Дверь капитанской каюты скрипнула и тяжелые шаги добавили звуков в неожиданно тревожную тишину за бортом. Мужчина сел и потянул ящик бюро, открыл и нашарил верхний, недописанный лист – письмо жене. «Дорогая, любезная моему сердцу, милейшая мистрис Клотильда... если бы я мог показать Вам невообразимость, в наших северных широтах, яростности тропических закатов...» – пальцы непроизвольно сжались в желании смять, но, вместо этого, потянули из ящика, на столешницу.

Мужчина посмотрел в иллюминатор, всматриваясь в бледнеющие в эти часы звезды, и перевёл взгляд на женский портрет. Напряженная поза, навязанная художником, наложила на лицо женщины печать усталости и сделала её практически не узнаваемой. На картине жили только глаза, и Филипп невольно улыбнулся своей мысли: «Разве можно шторм спрятать в клетке?».

Перо коснулось чернил и решительно перечеркнуло написанное и заскрипело, торопливо выводя слова ниже.

«Кло, простите, но нет ни времени, ни желания продолжать следовать правилам политеса и прятать свои чувства от глаз случайных людей за описанием природных явлений и размеренности корабельных буден. Нет буден, дорогая, простите меня, и кажется, что уже никогда не будет. Я... я столько раз повторял вам «я люблю Вас», но только сейчас, пережив последние сутки, я понял, что так ни разу и не рассказал вам о своей любви. Вы – моя жажда. И утолить её не получилось ни женитьбой на вас, ни нашей общей страстью. Её не заглушило расстояние, моря и океаны. Не смыли шторма и даже полный штиль, растворяющий в себе любые мысли, кроме одной: «Ветра!» – не смог перебить эту жажду: видеть вас подле; держать за руку; чувствовать ваш запах, настоящий, не спрятанный под приторностью притирок и духов; слышать ваш голос, так же меняющий свои интонации, как морская волна, от шепота до свирепого крика. Вы – жизнь. Как вам удалось остаться живой в мире притворства и лжи? Даже умирая, я буду жаждать вас.

Вы уже поняли? Я прощаюсь с вами, продолжая лелеять надежду, что всё ещё будет... И однажды я увижу силуэт, ваш, стоящей на краю пирса... вряд ли будет это «И». Не буду лгать.

Я хочу, чтобы вы были счастливы. Как? Не знаю. Найдите свой источник счастья и даже память о нас пусть никогда не омрачит его.

Ваш, всегда и навсегда, Филипп ван дер Майес».

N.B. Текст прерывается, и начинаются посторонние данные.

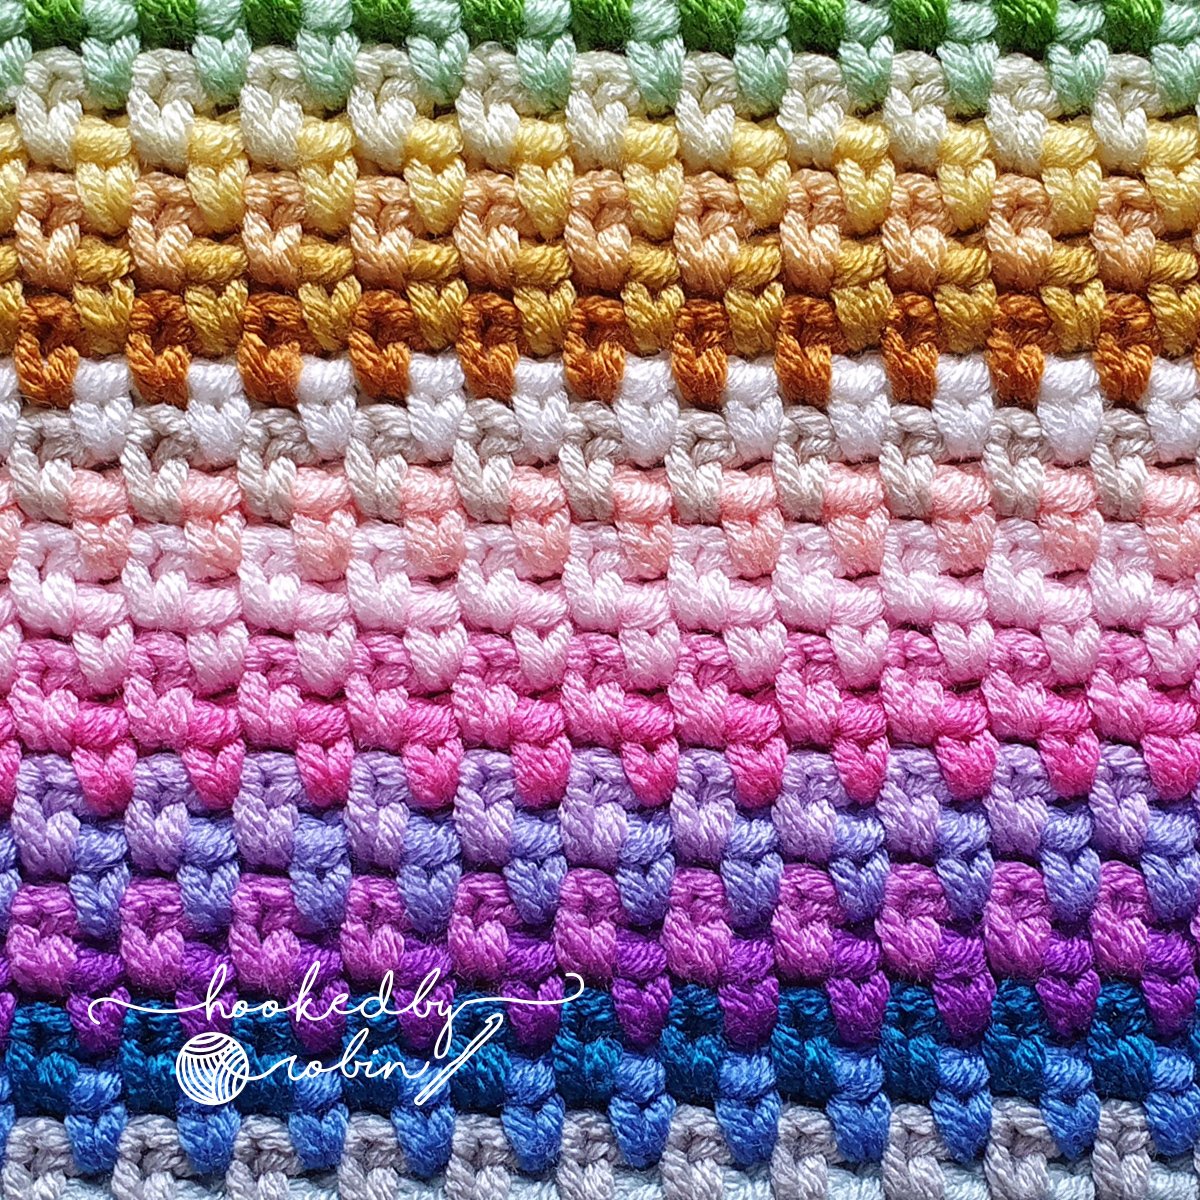 Crochet Moss Stitch Written Pattern — Hooked by Robin

Мужчина встал и снял мокрую, изорванную рубаху. Выудил и сундука чистую и сухую, натянул через голову и заправил под ворот нательный крест. И только тогда вернулся к письму, скатал его и аккуратно вложил в пустую бутыль. Облил горячим воском пробку и забил её в горлышко. Тщательно запер все ящики в бюро, сундук и поправил покрывало на кровати, прекрасно понимая бессмысленность своих действий. И вышел на корму. У самого ограждения размахнулся сильнее и швырнул бутылку в уже оседающую позади корабля пену.

– Вот и всё! Время почти вышло. Нужно закончить с делами.

Он медленно обвёл взглядом свою гордую «Чайку». Даже сейчас с порванными вантами, частично сломанными стеньгами, надломленной грот-рейей и обвисшими, рваными парусами – она дрейфовала с непобежденным видом. Штаги удерживали бушприт, как вздернутый вверх подбородок Клотильды, когда она шла напролом к своей цели.

Филипп вошёл в рубку и достал судовой журнал. Торопясь, он начал писать карандашом в журнале: об уснувшем вахтовом; о внезапности тропического шторма; о смытых за борт матросах и пропавшем боцмане; об упавшей брам-стеньге, заклинившей рулевое колесо и о том, что неуправляемый корабль вдруг выбросило в око бури, дав передышку... перед концом. Дописал. Убрал журнал в ящик и провернул ключ. И только тогда вышел на палубу и попытался сдвинуть стеньгу, освобождая штурвал.

«Чайка» вдруг хлопнула оставшимися парусами, поймав ветер и Филипп пожалел, что не зарифил их, но у него были другие дела. Да и не смог бы он это сделать в одиночку. Всё, что мог теперь – примотать себя к мачте обрывком ванты и помолиться.

Око бури моргнуло и выбросило «Чайку» в бушующее море, отдавая на волю бога.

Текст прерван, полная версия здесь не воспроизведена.